The result is a tensor in which each submatrix occupies a position along the first
dimension. If you want to add an additional dimension, you can use `unsqueeze`:

In [25]:
print(submatrices.shape)
submatrices = submatrices.unsqueeze(dim=0)
submatrices.shape

torch.Size([4, 2, 2])


torch.Size([1, 4, 2, 2])

From this tensor, different operations can be performed. For example, we will calculate
the Frobenius matrix norm (the Frobenius norm is equivalent to the square root of the sum
of squares of all matrix elements) of each submatrix using `torch.linalg.matrix_norm`:

In [26]:
norm = torch.linalg.matrix_norm(submatrices, ord="fro", dim=(-2, -1))
norm

tensor([[0.8212, 1.5270, 1.1748, 1.0262]])

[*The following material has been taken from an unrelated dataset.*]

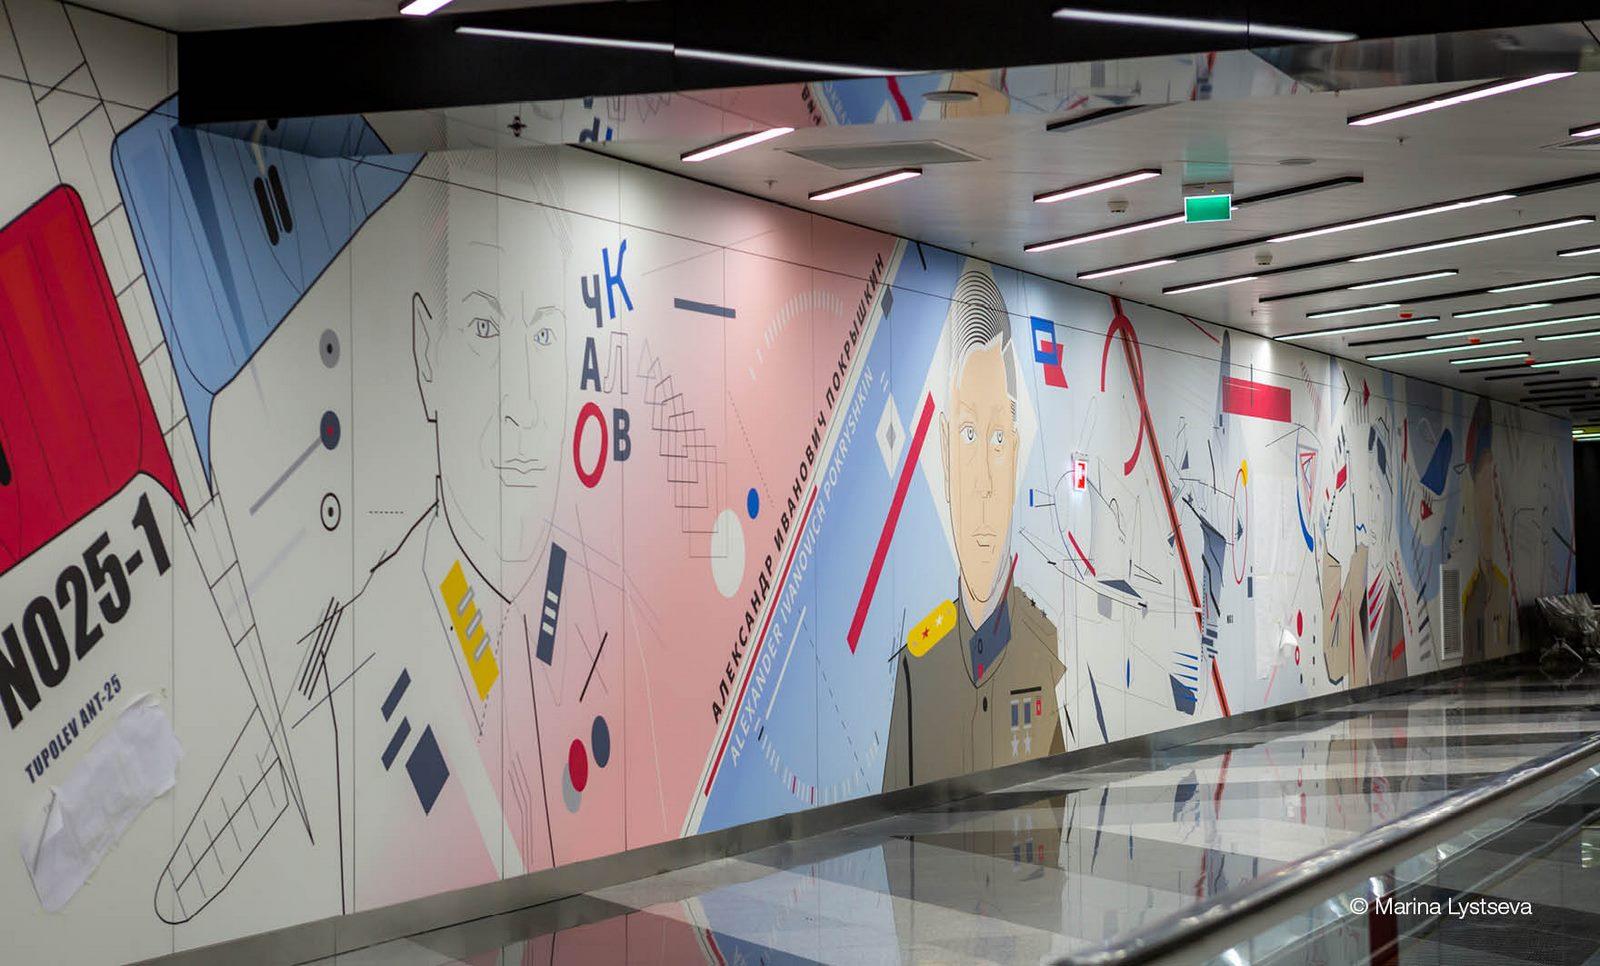 La historia y cultura rusa reflejada en el Aeropuerto de Moscú 8

Once the norms are calculated, you can select the submatrix with the highest norm using
`argmax` on the `norm` tensor:

In [27]:
submatrices[:, torch.argmax(norm), :, :]

tensor([[[0.9577, 0.8646],
         [0.3486, 0.7387]]])

This example illustrates how to combine indexing, stacking, dimension insertion, and
linear algebra operations to analyze and manipulate complex matrix structures within a
tensor.

### Reproducibility

Reproducibility constitutes a fundamental requirement in the development and evaluation
of machine learning models. In this context, reproducibility is understood as the ability
to obtain the same results when repeatedly executing an experiment under the same
conditions: same code, same data, same hyperparameter configuration and, especially
relevant, same random initialization.

In PyTorch, an important part of model behavior depends on random processes, such as the
initialization of neural network weights, the generation of tensors with random values,
or random data sampling during training. If these processes are not controlled, small
variations in initializations can produce different results in each execution, making it
difficult to compare experiments and debug errors.

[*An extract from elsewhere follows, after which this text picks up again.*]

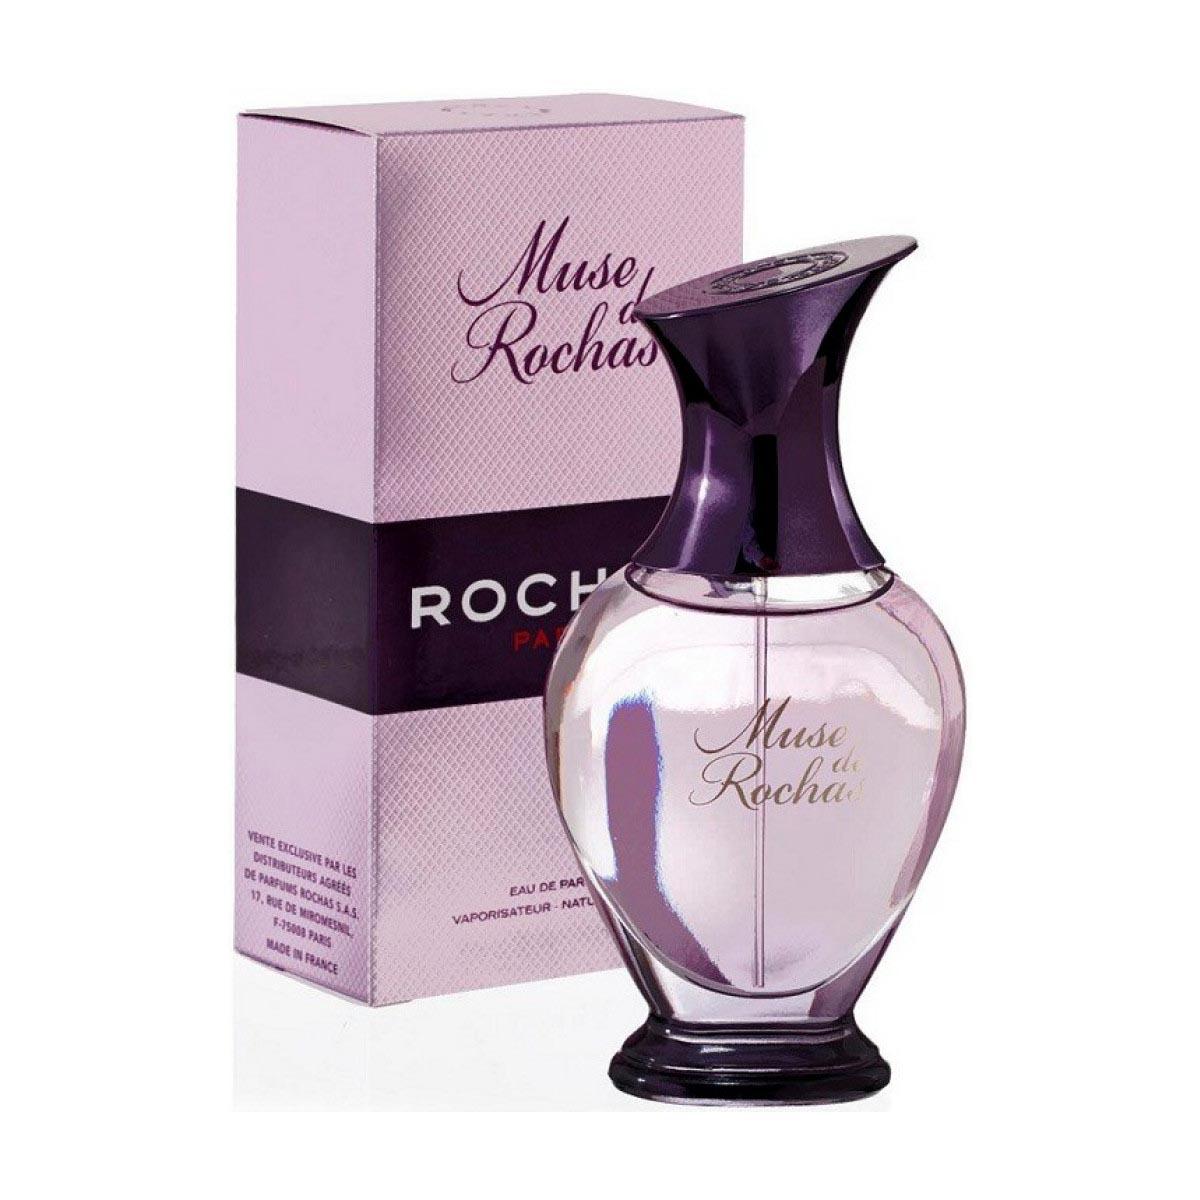 Rochas muse de rochas eau de parfum 100ml vaporizador

To mitigate this problem, PyTorch provides mechanisms that allow fixing the seed of the
random number generator. One of the most used is the instruction:

In [28]:
torch.manual_seed(42)

<torch._C.Generator at 0x7ca96b865310>

This call initializes PyTorch's random number generator with a fixed seed, in this case
the value `42`. From that moment on, all random operations that depend on this generator
will produce the same sequence of values in successive executions, as long as the rest of
the conditions (PyTorch version, hardware, operation order, etc.) remain constant. In
this way, the creation of random tensors, the initialization of model parameters, and
other stochastic processes associated with PyTorch become deterministic.

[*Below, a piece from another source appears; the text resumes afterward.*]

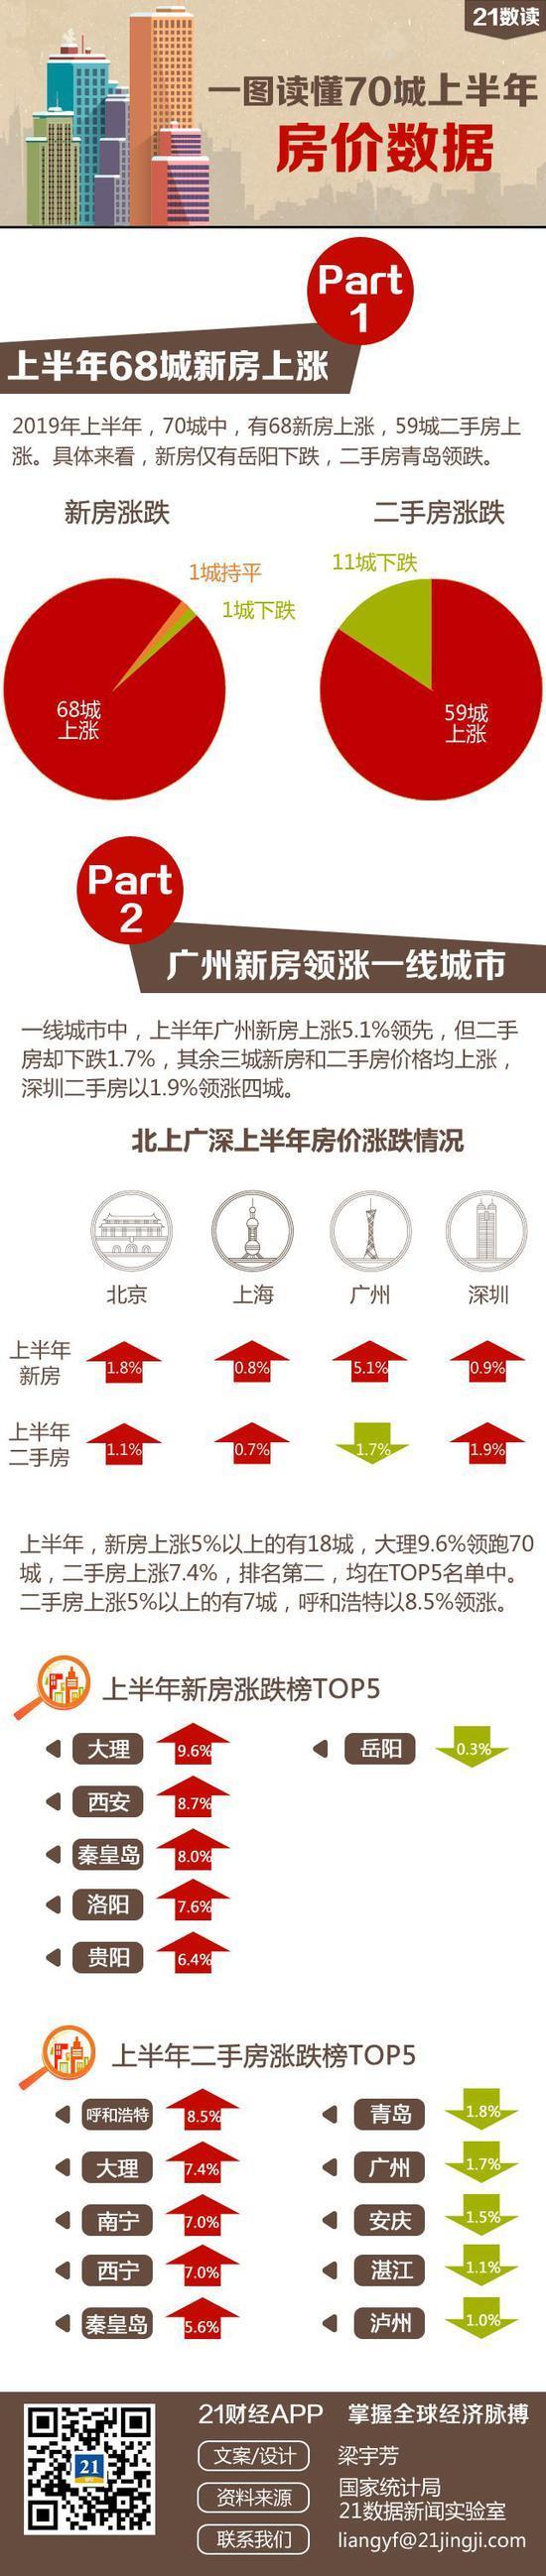 上半年70城房价排行榜出炉:新房仅1城下跌,你家房子是涨还是跌?

The use of a fixed seed is especially important in experimentation and teaching
environments. In a teaching context, it allows all students to obtain the same results
when executing example notebooks, facilitating the follow-up of explanations and the
detection of possible conceptual or implementation errors. In a research and development
context, fixing the seed favors rigorous comparison between different models or
configurations, as it reduces variability attributable solely to chance.

It should be noted that, to achieve more complete reproducibility, it is often necessary
to also fix the seeds of other random number generators used in the same environment,
such as those from Python's standard libraries or NumPy.